= ACTION ITEM =
Output, exactly and with no pictures, the line that contains "Business meeting. A" and every line that comes after it in the data below, the last one included.

= INFORMATION SHOWN =
-------

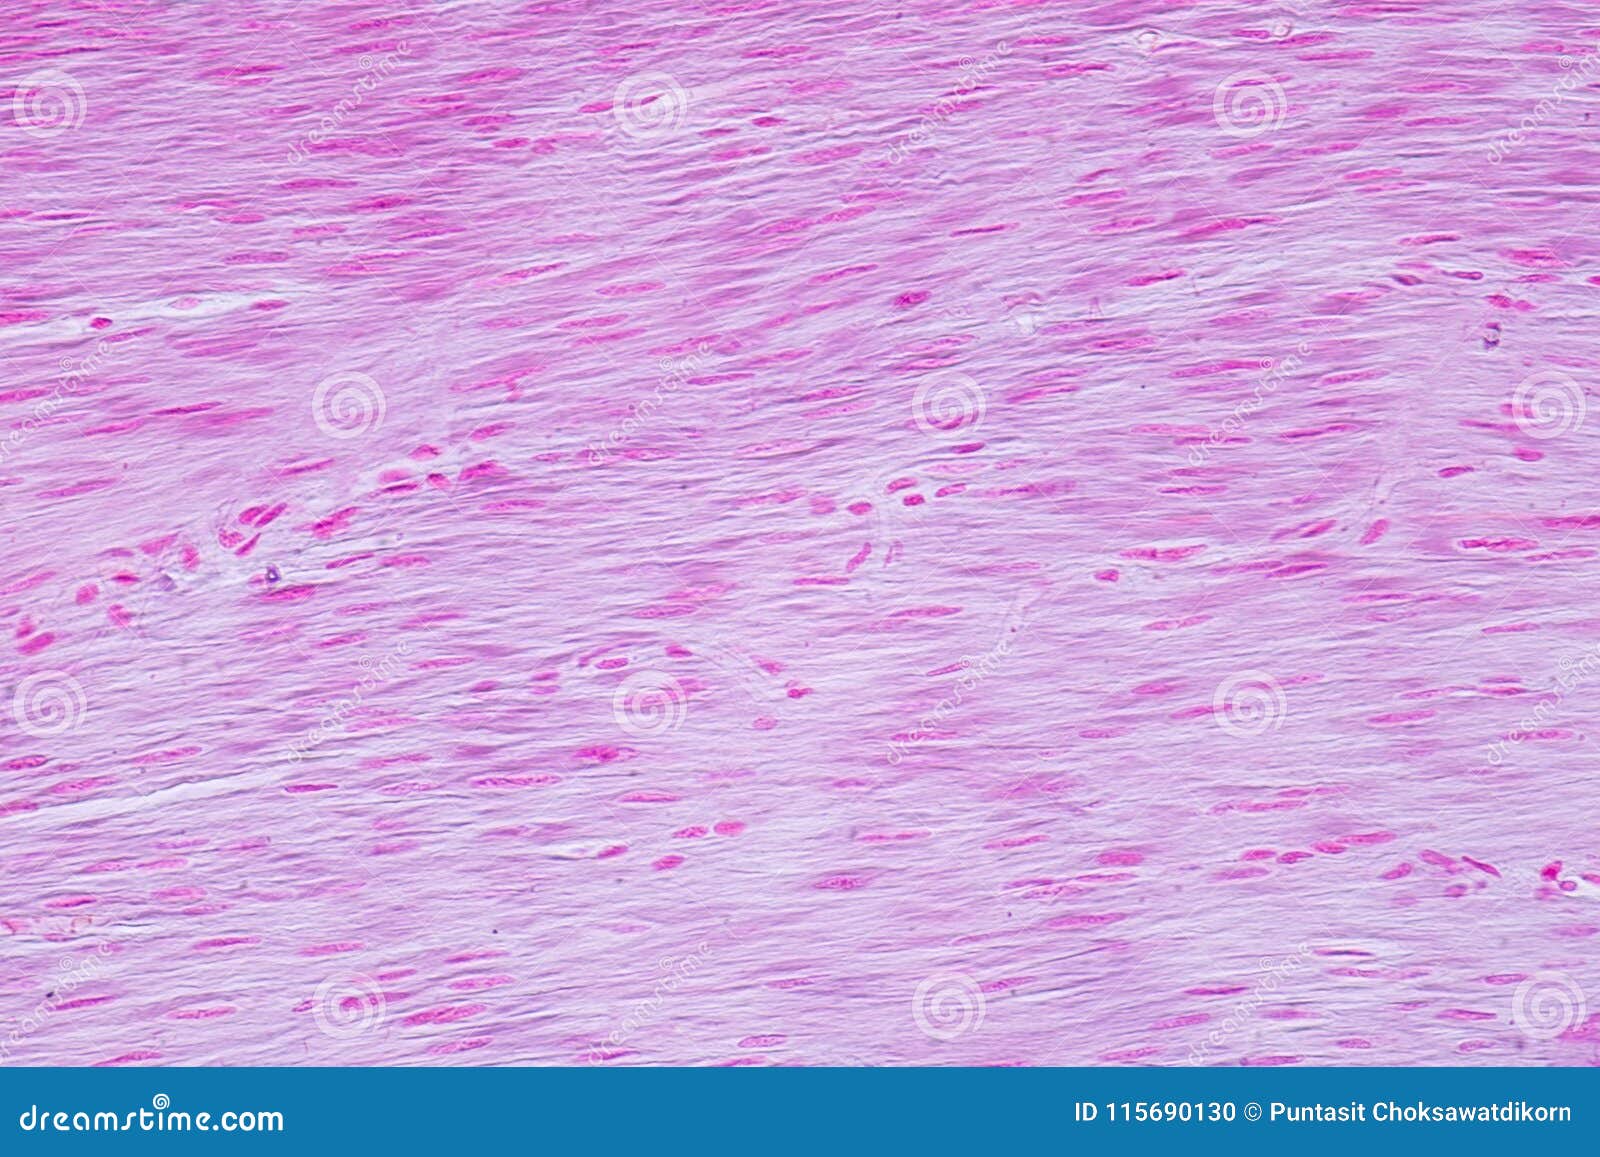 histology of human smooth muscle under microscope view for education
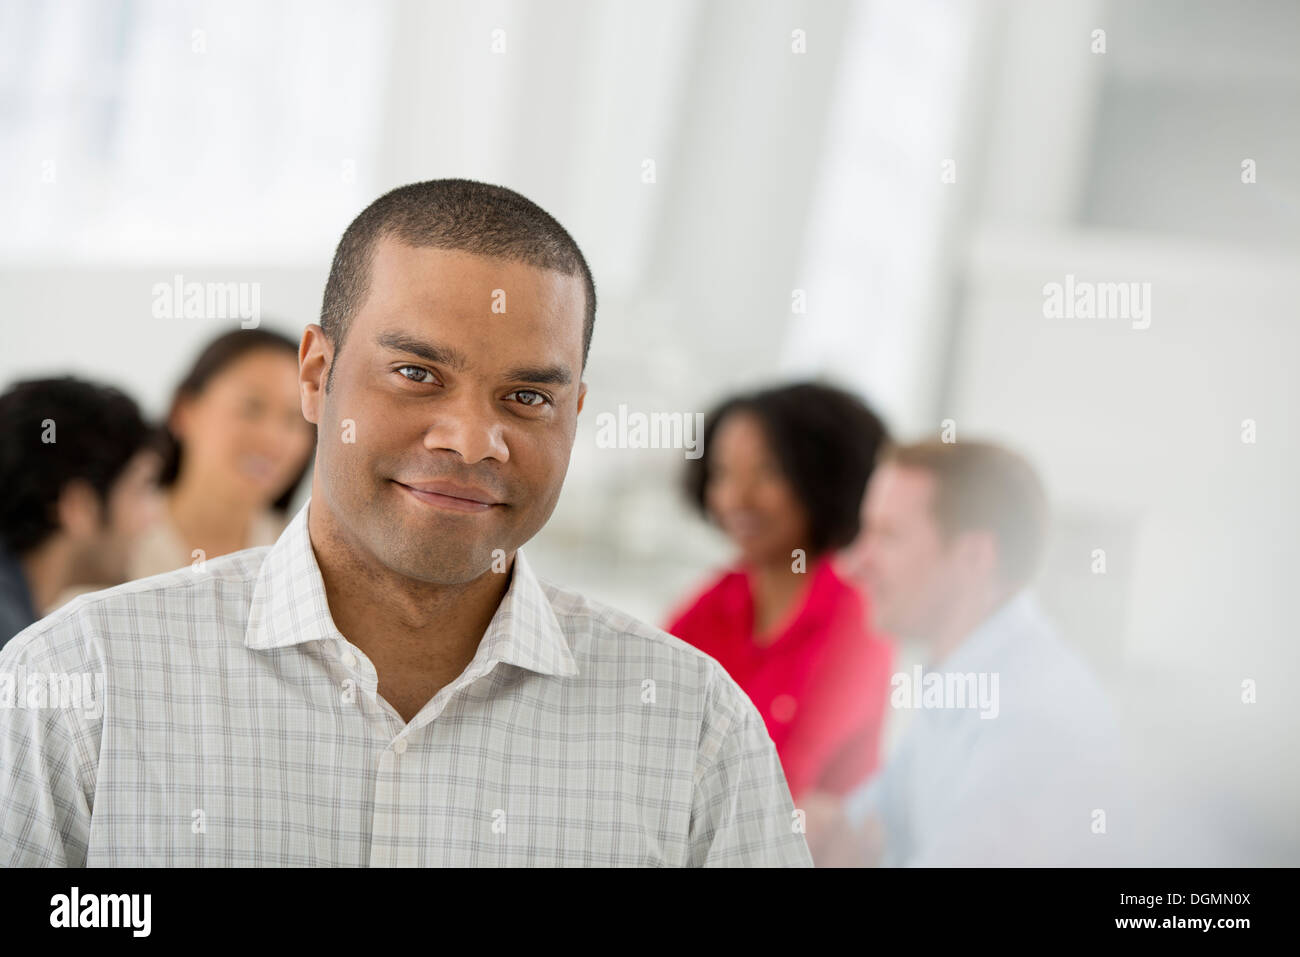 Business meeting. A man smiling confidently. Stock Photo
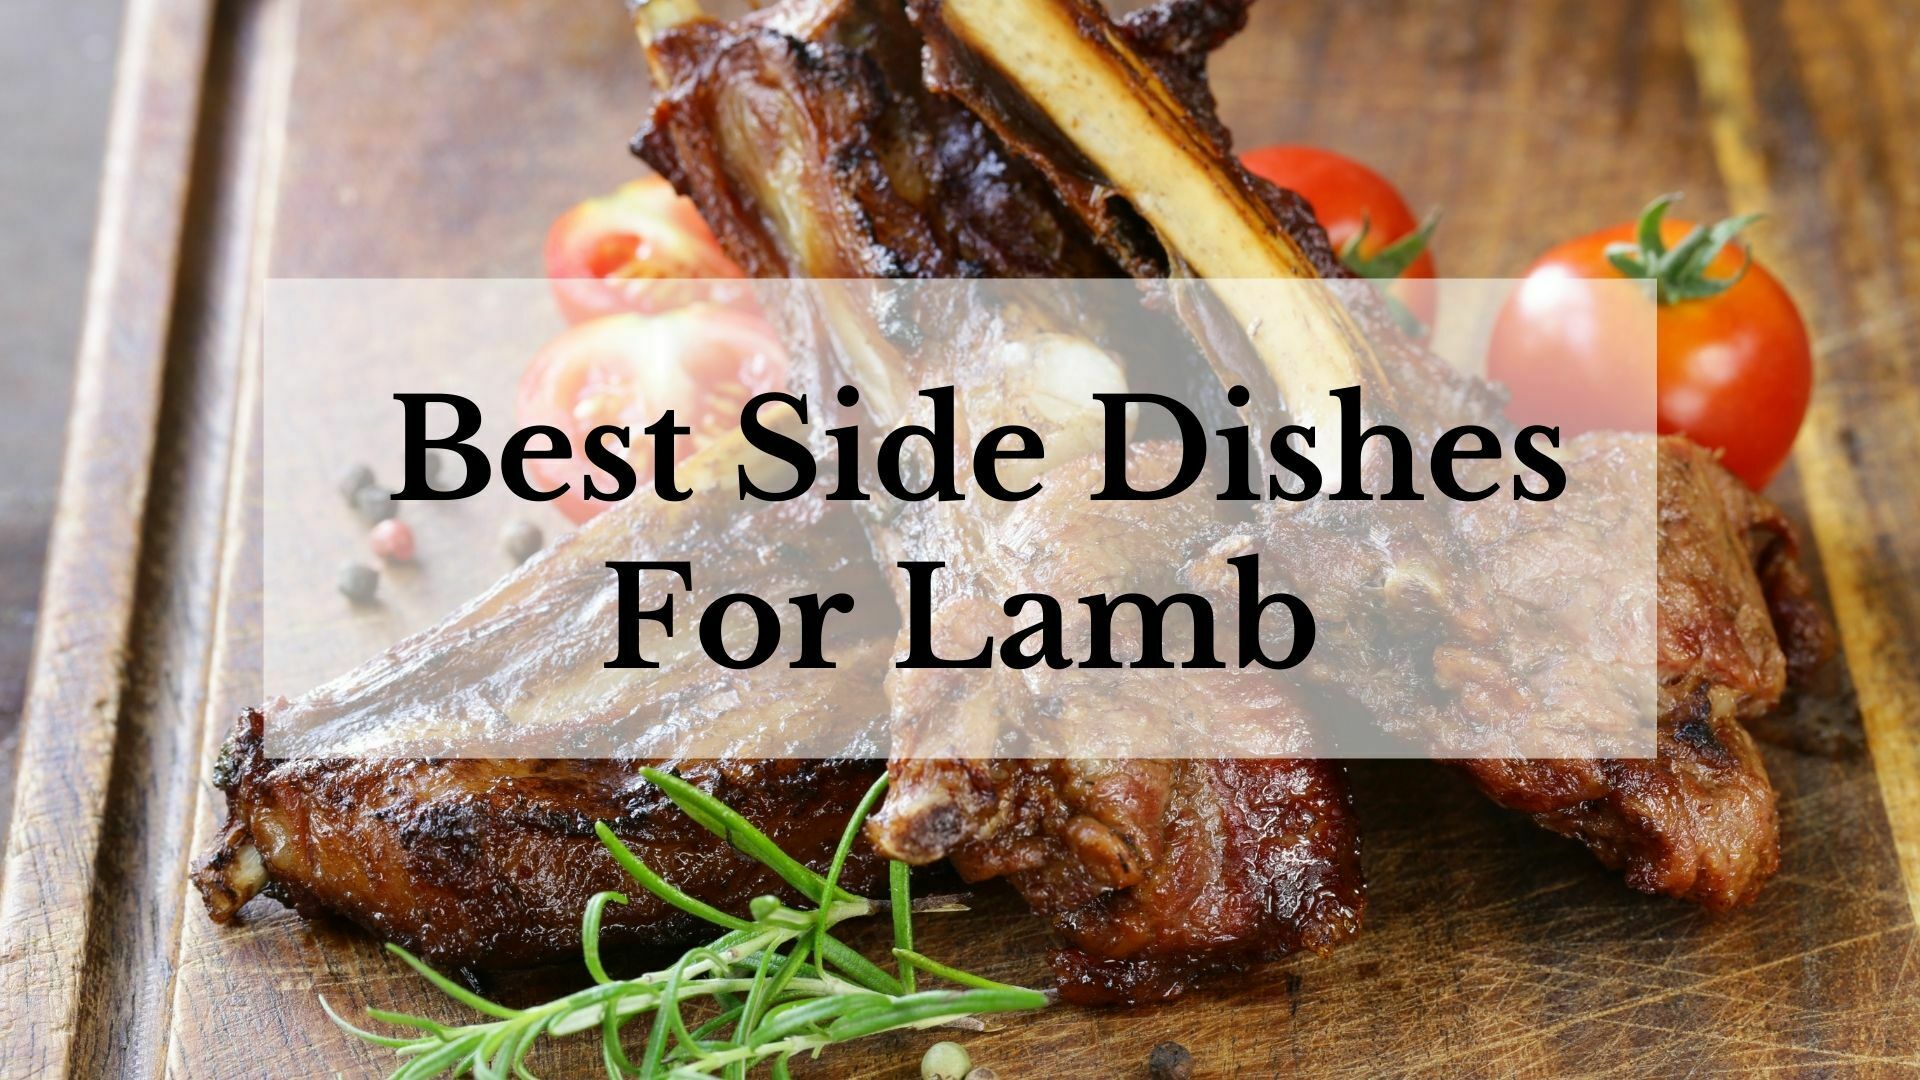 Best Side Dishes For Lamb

-------

= SOLUTION FOR THIS PROBLEM =
 Business meeting. A man smiling confidently. Stock Photo
 Best Side Dishes For Lamb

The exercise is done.